Non-linear Independent Components Estimation (NICE) and follow up work RealNVP and Generative Flows (GLOW), in contrast, use an architecture that decouples the number of layers in the flow from the number of variables, because each step of the flow samples a block of the variables at once. At each step, the variables are divided into two blocks: one block of “fixed” variables, and one block of “adjusted” variables. Only the “adjusted” variables may change, but the changes may depend on the values of the variables in the “fixed” block. By alternating which blocks of variables are taken as fixed (and which are adjusted) at each step of the flow, it is possible to model highly complex dependencies among the variables in the data set. Both likelihood computation and data generation can be run in the same amount of time, which depends only on the number of flow steps, and the mathematical form of the transforms allows for the potential of significant memory savings during training.
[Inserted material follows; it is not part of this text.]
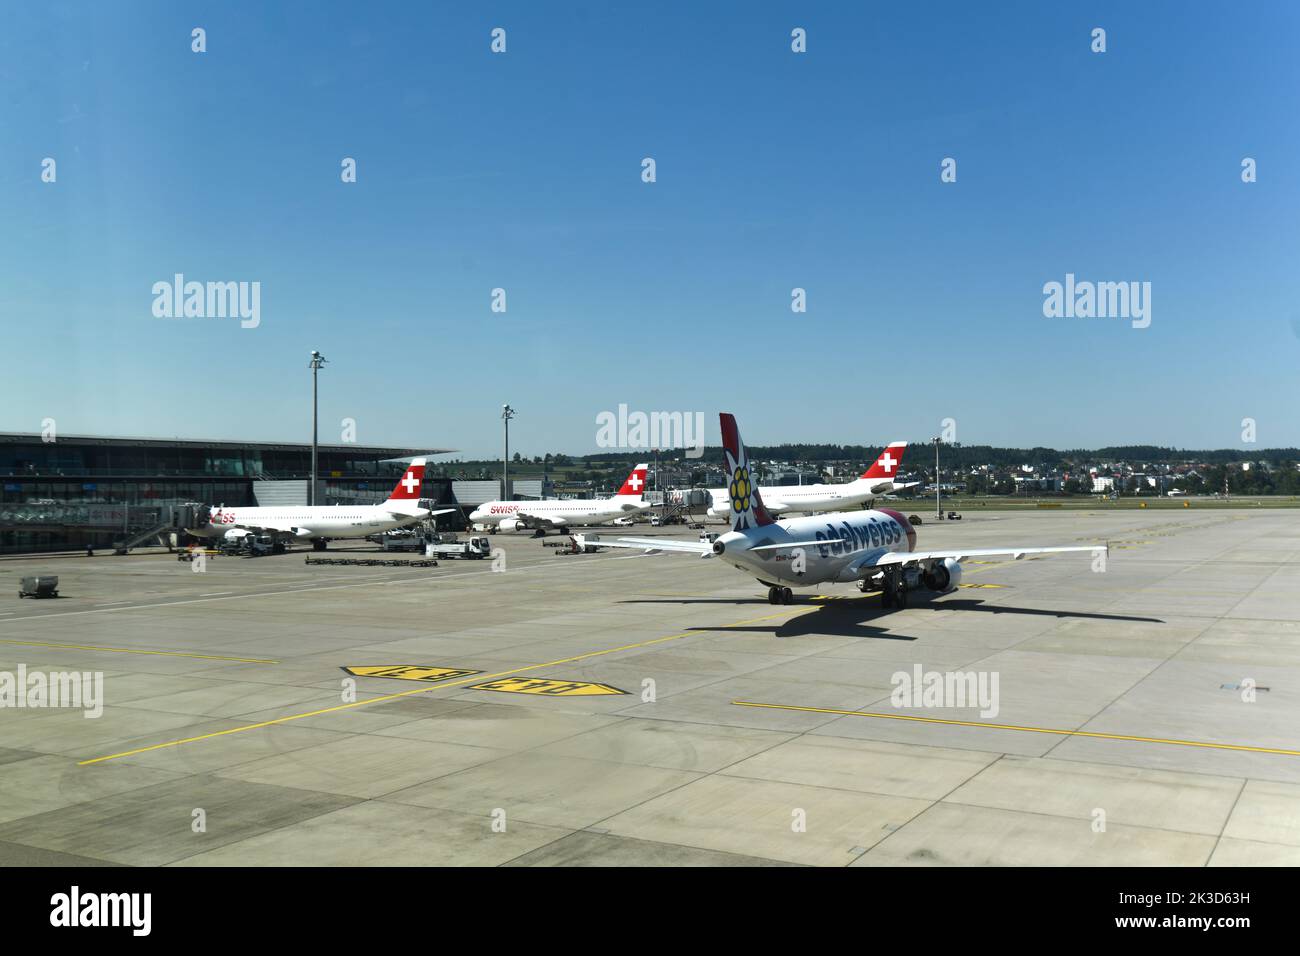 Swiss Air airplanes in Zurich Airport, Switzerland Stock Photo

GLOW is capable of generating realistic images, although they do not yet match the image fidelity of the state-of-the-art GAN data generators. However, their objective is likelihood-based, and so mode collapse is explicitly penalized. If 3% of households should have a member with a post-graduate degree, the flow model will be penalized if the generator would have a significantly different post-graduate degree statistic.

Variational Autoencoders

VAEs are trained using an encoder/decoder architecture. Each data point is mapped through the encoder to a list of statistical parameters (e.g. a mean and variance matrix) in a latent space. Samples are generated from that latent space using the encoded parameters and these samples are fed through the decoder. The final loss is a term that combines the deviation of the statistical parameters from a reference distribution, and the dissimilarity of the decoded samples to the original data point. In this way, the same data point is used to train both the encoder and the decoder networks. The two components of the final loss represent the likelihood of the data under the generative model, and the fidelity of the reconstructed data from the generator. In this sense, a variational autoencoder tries to achieve both the objectives of a GAN and a flow architecture. However, the likelihood computation is not exact because the encoder is not a reversible architecture and the generative model is trained to exactly mirror the training data given minor perturbations in the latent space.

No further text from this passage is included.